My buddy just recently moved out of state. Earlier this year he purchased a michigan fishing license (while he was still a resident). He is coming home for Christmas and wants to do some ice fishing. I was wondering if he is still allowed to fish with his resident license. It seems to me that he should still be able to use it for the remainder of the year but I figure we better be safe and find out for sure. Thanks


----------



## outdoor_m_i_k_e (Feb 3, 2005)

I think this was brought up on here a couple months ago and if he is moved out of state and plans on staying and becoming a resident of the new state he is in, or IS a resident of the new state he is in then coming back here and using a resident license would be illegal, even though he bought it when he was here before. 
that being said when you go to a different state and register to be a resident you are supposed to turn in your michigan drivers license to them, in which case he wouldnt have proof of residency if he got checked in Michigan by a CO. 
Obviously if he hasnt technically become a resident of the new state yet and still has his Michigan Drivers license, he COULD get away with it, but i believe its still illegal


----------



## outdoor_m_i_k_e (Feb 3, 2005)

here ya go heres the link I was referring to

http://www.michigan-sportsman.com/forum/showthread.php?t=230849&highlight=Non-resident+license


----------



## blittle913 (Feb 21, 2007)

Thanks for the reply! However, in the link you provided it seemed to me that he would be legal (he had no intentions of leaving the state at the time of purchase), but in your reply you stated that it would be illegal. Im still just a little confused


----------



## glnmiller (Jan 7, 2006)

In your original post, you say your friend 'Moved". If he is now a resident of another state, and has a drivers license from that state, then he is now a non-resident of Michigan. If he did not change his license within 30 days after moving to Ohio, then he is in violation of Ohio law.
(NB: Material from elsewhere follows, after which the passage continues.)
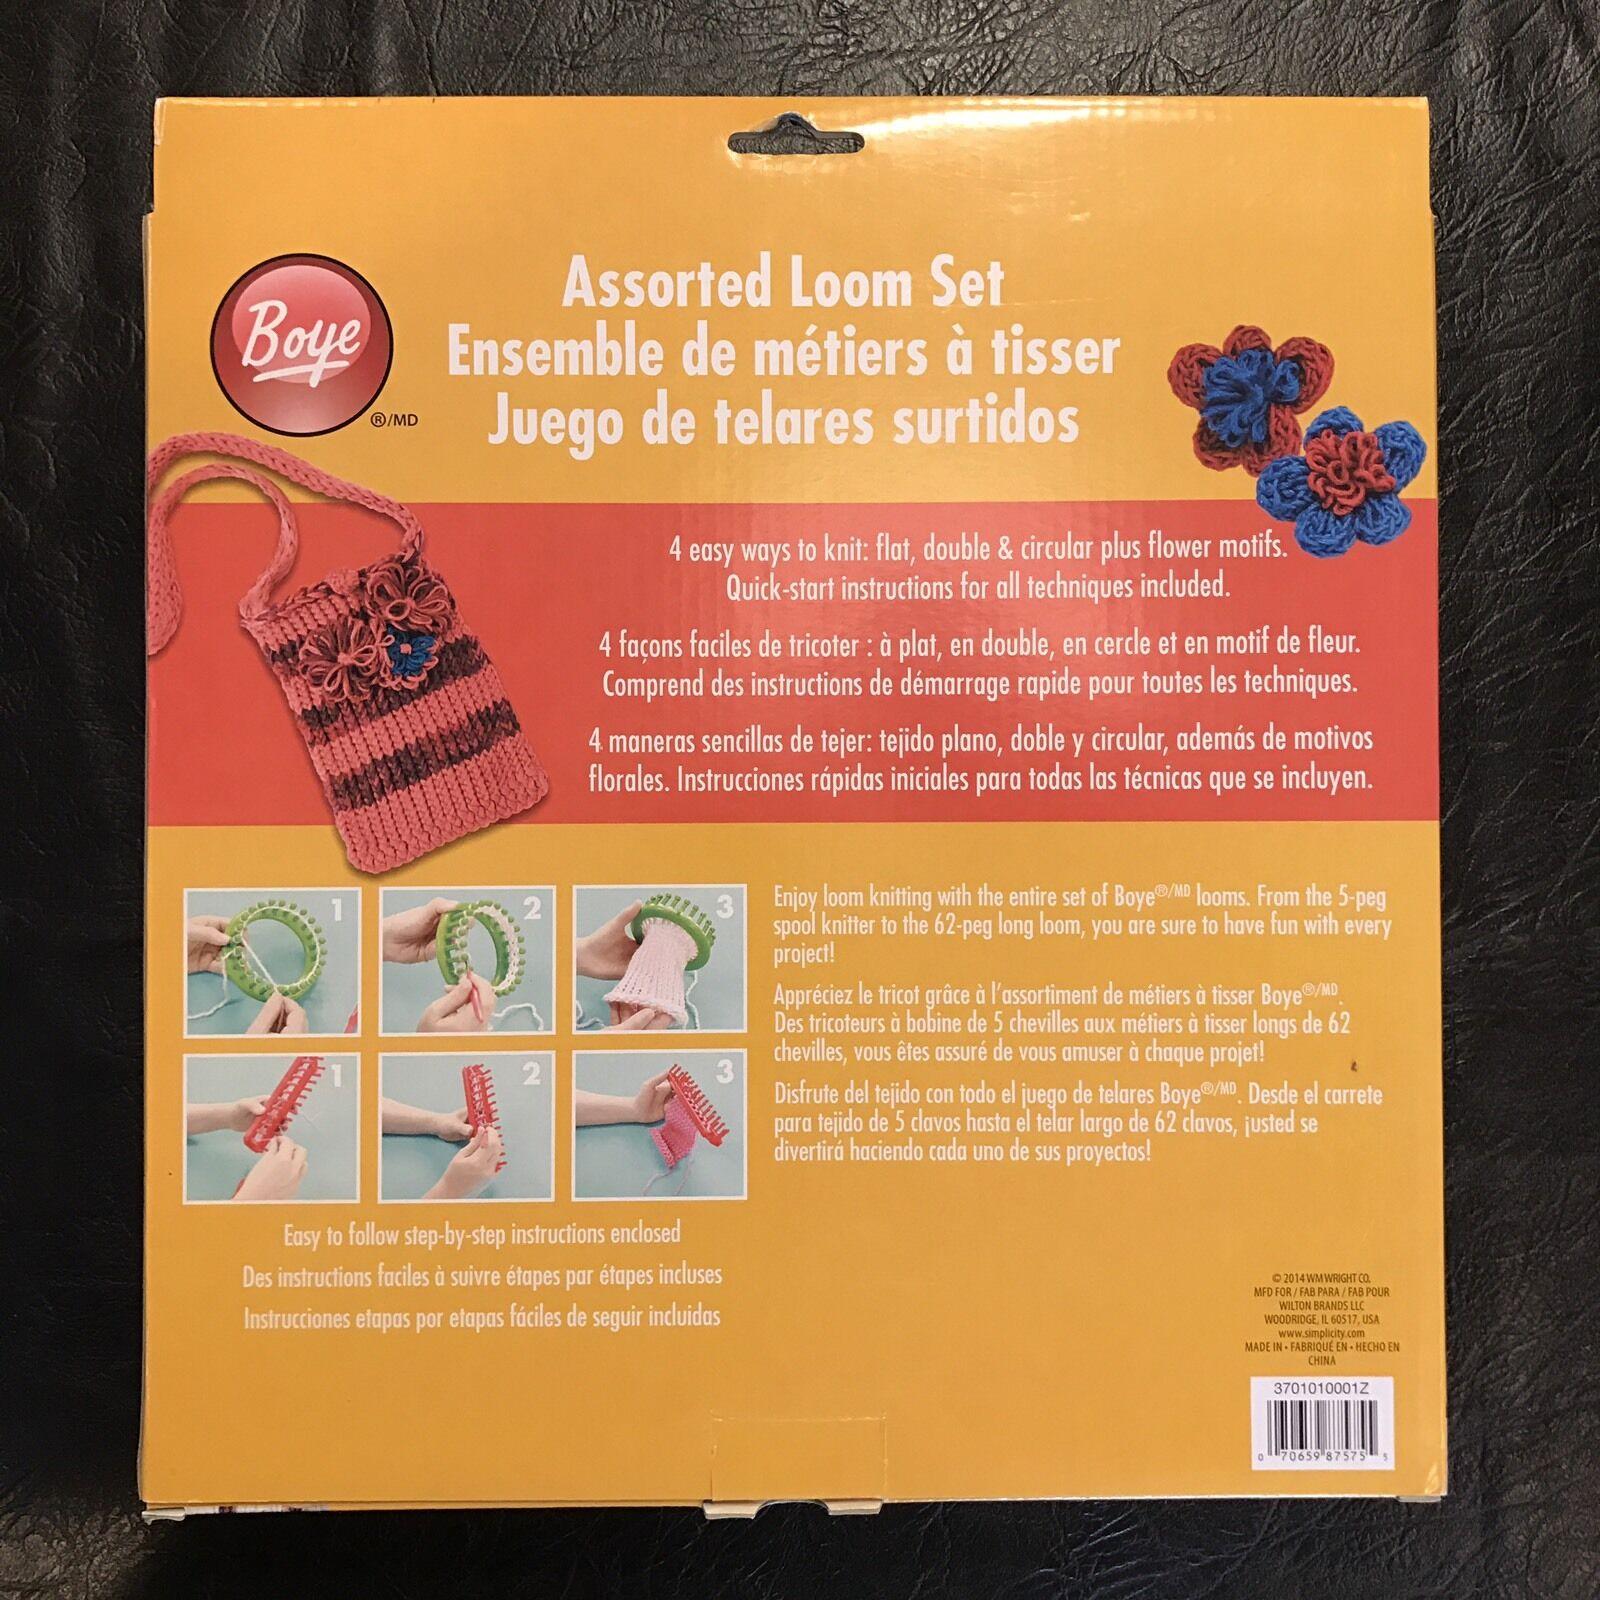 Boye Assorted Loom Set 4 Looms Flat Round Needle Instructions Ebay

His old Michigan hunting licenses would be void.


----------



## boehr (Jan 31, 2000)

blittle913 said:


> My buddy just recently moved out of state. Earlier this year he purchased a michigan fishing license (while he was still a resident). He is coming home for Christmas and wants to do some ice fishing. I was wondering if he is still allowed to fish with his resident license. It seems to me that he should still be able to use it for the remainder of the year but I figure we better be safe and find out for sure. Thanks


In your post you stated that he just recently moved. It is my opinion, based on years of doing the job, that your friend will be fine using his resident fishing license through March 31, 2009. There are a number of ways for the CO to find out that he was a resident when it was purchased.

Regardless of what some say about the DNR, the DNR is NOT looking to get people to unfairly spend more money but just equal common sense for sportsmen to do the right thing.

Happy Fishing.

Just a point of interest, anyone who has a lifetime license, regardless where they live now, it is good for life. Fortunately I do possess a Lifetime Fishing License.


----------



## twodogsphil (Apr 16, 2002)

A resident license bought is good for the duration of the license period irregardless of where you live.. For example, as long as I'm alive, my Michigan lifetime license is legal for hunting and fishing in Michigan no matter where I live in the USA or the rest of the world.


----------